> [Action item]:
Copy, from the data below, each line that has the word "Women".

> [Dataset entries]:
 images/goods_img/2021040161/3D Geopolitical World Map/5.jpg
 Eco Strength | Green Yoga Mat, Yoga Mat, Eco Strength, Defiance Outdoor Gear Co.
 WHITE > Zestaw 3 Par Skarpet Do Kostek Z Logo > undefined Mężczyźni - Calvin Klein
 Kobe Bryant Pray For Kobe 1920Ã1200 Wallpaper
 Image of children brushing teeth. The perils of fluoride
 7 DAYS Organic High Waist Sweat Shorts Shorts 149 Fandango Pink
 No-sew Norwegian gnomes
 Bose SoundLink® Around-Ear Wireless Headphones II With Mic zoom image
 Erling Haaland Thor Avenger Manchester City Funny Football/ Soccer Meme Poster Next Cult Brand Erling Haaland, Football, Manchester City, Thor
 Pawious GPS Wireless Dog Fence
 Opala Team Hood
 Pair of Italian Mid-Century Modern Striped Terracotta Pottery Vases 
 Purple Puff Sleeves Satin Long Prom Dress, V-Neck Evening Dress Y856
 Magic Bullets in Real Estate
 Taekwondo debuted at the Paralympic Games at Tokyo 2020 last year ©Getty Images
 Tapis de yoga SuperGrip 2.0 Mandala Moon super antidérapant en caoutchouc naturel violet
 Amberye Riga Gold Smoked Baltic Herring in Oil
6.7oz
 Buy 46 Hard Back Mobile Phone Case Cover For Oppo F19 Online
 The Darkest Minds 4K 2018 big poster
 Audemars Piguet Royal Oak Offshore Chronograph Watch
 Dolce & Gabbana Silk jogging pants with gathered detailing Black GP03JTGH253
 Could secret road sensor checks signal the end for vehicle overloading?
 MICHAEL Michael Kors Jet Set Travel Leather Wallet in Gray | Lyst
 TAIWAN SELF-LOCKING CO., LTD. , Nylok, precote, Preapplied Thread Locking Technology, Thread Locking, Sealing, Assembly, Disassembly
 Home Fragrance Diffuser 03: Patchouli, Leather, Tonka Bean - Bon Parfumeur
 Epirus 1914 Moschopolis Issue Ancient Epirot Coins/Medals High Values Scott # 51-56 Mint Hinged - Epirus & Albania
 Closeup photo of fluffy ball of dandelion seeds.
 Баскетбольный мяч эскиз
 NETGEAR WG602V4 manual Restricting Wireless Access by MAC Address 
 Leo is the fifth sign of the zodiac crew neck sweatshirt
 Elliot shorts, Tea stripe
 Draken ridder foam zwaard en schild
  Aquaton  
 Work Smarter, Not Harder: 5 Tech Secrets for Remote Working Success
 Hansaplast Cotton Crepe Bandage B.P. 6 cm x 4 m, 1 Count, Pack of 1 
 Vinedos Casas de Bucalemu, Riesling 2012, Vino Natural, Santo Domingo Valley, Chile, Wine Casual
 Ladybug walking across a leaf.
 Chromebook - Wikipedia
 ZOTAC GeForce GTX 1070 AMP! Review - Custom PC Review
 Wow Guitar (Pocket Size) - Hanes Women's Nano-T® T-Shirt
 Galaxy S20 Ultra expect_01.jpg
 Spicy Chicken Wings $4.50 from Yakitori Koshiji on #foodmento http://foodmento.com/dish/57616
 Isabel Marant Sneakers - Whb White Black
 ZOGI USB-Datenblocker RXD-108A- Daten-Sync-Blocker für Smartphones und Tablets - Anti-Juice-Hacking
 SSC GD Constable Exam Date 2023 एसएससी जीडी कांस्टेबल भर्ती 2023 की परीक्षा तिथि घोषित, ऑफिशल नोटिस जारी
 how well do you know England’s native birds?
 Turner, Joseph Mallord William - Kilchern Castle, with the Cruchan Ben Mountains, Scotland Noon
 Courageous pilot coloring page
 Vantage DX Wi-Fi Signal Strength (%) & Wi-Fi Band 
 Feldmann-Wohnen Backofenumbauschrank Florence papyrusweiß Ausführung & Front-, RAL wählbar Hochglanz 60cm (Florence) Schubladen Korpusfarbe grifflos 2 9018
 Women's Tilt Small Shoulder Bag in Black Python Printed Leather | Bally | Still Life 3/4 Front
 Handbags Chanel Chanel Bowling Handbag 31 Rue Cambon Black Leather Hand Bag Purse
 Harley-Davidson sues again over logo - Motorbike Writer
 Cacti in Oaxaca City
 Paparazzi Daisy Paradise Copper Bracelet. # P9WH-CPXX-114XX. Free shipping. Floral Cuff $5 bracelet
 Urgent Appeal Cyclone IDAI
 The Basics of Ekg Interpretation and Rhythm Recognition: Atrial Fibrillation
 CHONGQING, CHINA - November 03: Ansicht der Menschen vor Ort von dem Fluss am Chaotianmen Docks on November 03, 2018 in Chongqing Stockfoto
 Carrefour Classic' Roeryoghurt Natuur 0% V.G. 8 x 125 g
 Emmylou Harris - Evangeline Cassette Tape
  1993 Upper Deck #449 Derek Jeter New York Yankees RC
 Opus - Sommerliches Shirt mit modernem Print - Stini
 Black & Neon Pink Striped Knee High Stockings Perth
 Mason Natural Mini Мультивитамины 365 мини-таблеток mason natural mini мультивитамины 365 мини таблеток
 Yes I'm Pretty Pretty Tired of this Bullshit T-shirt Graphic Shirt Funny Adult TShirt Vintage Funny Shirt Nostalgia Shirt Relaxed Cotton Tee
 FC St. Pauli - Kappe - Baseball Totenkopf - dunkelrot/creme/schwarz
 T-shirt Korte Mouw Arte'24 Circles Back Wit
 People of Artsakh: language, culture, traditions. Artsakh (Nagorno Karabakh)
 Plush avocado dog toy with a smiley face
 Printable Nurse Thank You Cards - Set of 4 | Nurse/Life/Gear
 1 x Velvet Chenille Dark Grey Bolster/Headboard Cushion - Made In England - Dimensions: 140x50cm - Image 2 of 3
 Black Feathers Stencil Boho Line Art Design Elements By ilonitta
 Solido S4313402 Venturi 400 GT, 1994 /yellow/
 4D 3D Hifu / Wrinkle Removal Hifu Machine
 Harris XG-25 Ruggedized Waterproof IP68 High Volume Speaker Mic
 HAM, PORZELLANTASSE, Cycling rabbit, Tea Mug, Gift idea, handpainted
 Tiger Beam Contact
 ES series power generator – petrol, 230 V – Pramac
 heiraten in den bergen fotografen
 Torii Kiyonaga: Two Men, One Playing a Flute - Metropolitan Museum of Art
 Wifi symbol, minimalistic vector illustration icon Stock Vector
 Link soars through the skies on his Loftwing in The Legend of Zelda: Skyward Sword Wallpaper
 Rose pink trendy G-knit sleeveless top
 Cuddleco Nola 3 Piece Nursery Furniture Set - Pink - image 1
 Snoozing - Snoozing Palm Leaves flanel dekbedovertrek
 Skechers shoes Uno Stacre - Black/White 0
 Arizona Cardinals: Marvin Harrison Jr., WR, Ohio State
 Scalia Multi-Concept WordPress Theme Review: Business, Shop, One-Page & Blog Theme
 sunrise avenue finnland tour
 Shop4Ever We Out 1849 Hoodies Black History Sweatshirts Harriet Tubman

> [Exercise solution]:
 Wow Guitar (Pocket Size) - Hanes Women's Nano-T® T-Shirt
 Women's Tilt Small Shoulder Bag in Black Python Printed Leather | Bally | Still Life 3/4 Front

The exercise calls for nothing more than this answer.